Records supplied →
━━━━━━━━━━━━━━━━━━━━

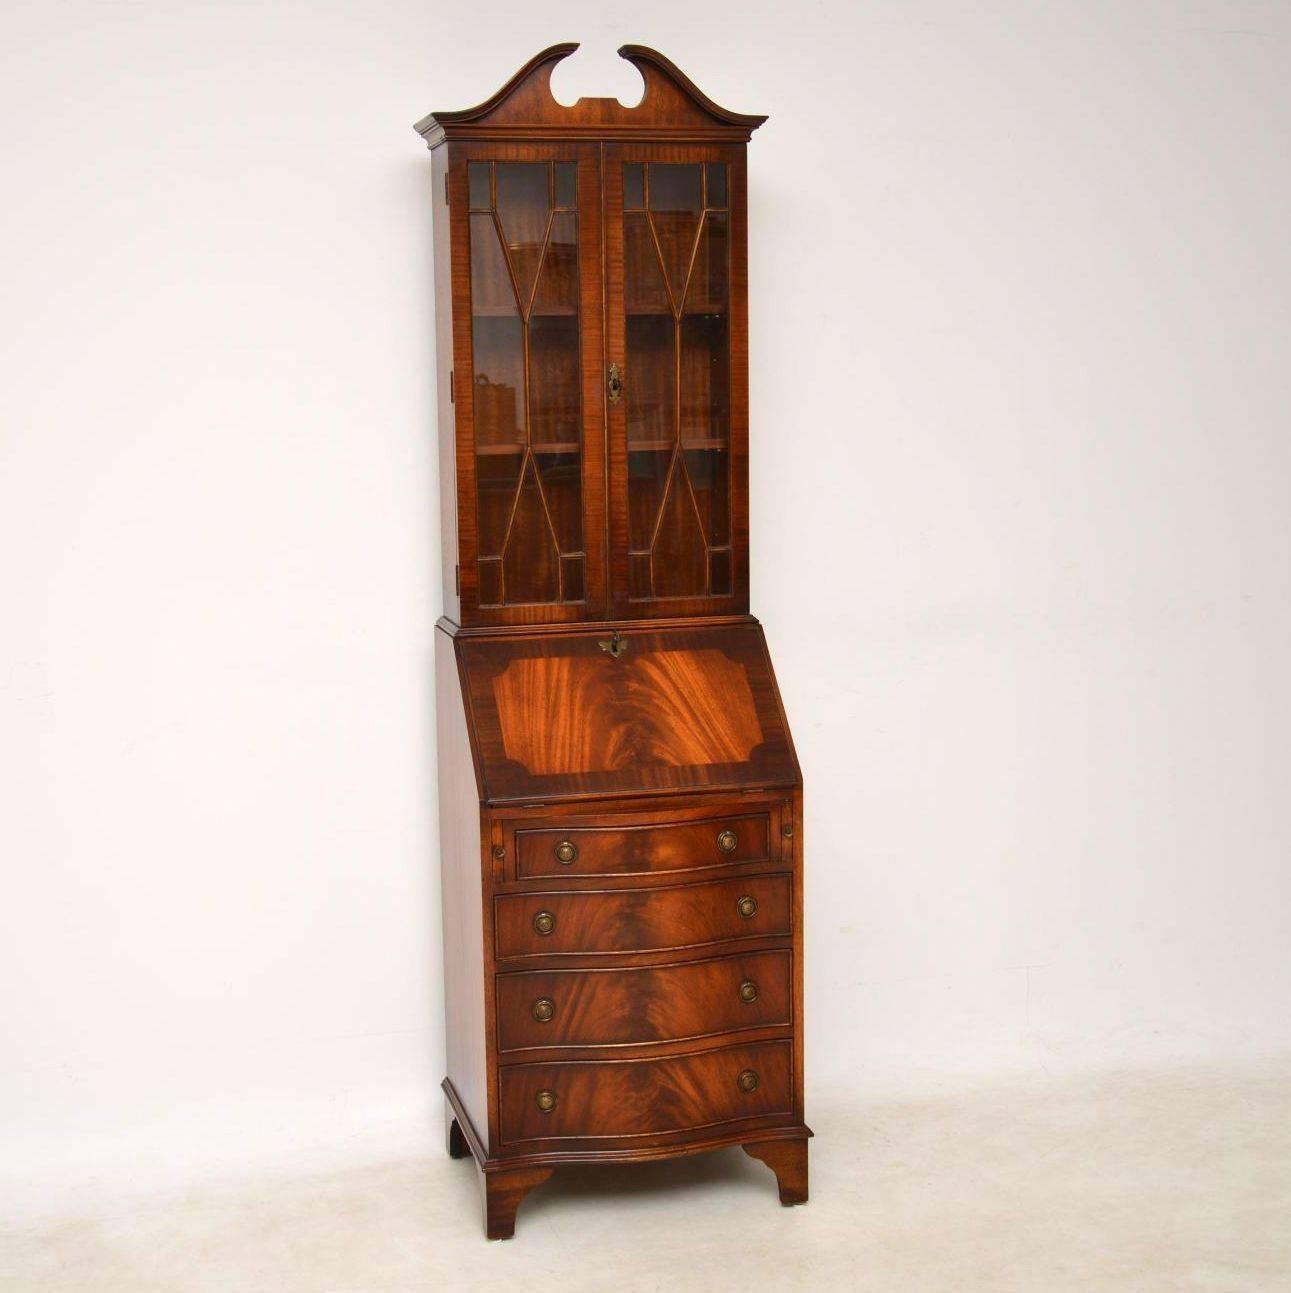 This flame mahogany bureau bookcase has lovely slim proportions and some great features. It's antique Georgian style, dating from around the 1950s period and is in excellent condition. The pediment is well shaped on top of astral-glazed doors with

━━━━━━━━━━━━━━━━━━━━

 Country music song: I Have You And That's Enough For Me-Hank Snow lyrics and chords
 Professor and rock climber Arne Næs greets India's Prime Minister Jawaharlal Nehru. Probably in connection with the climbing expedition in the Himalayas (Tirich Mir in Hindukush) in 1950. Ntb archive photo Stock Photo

━━━━━━━━━━━━━━━━━━━━

Exercise requirements → Starting at the line with "Country music song: I" and ending at the line with "Professor and rock", print each line of the listing above exactly, with no other lines.

The answer →
 Country music song: I Have You And That's Enough For Me-Hank Snow lyrics and chords
 Professor and rock climber Arne Næs greets India's Prime Minister Jawaharlal Nehru. Probably in connection with the climbing expedition in the Himalayas (Tirich Mir in Hindukush) in 1950. Ntb archive photo Stock Photo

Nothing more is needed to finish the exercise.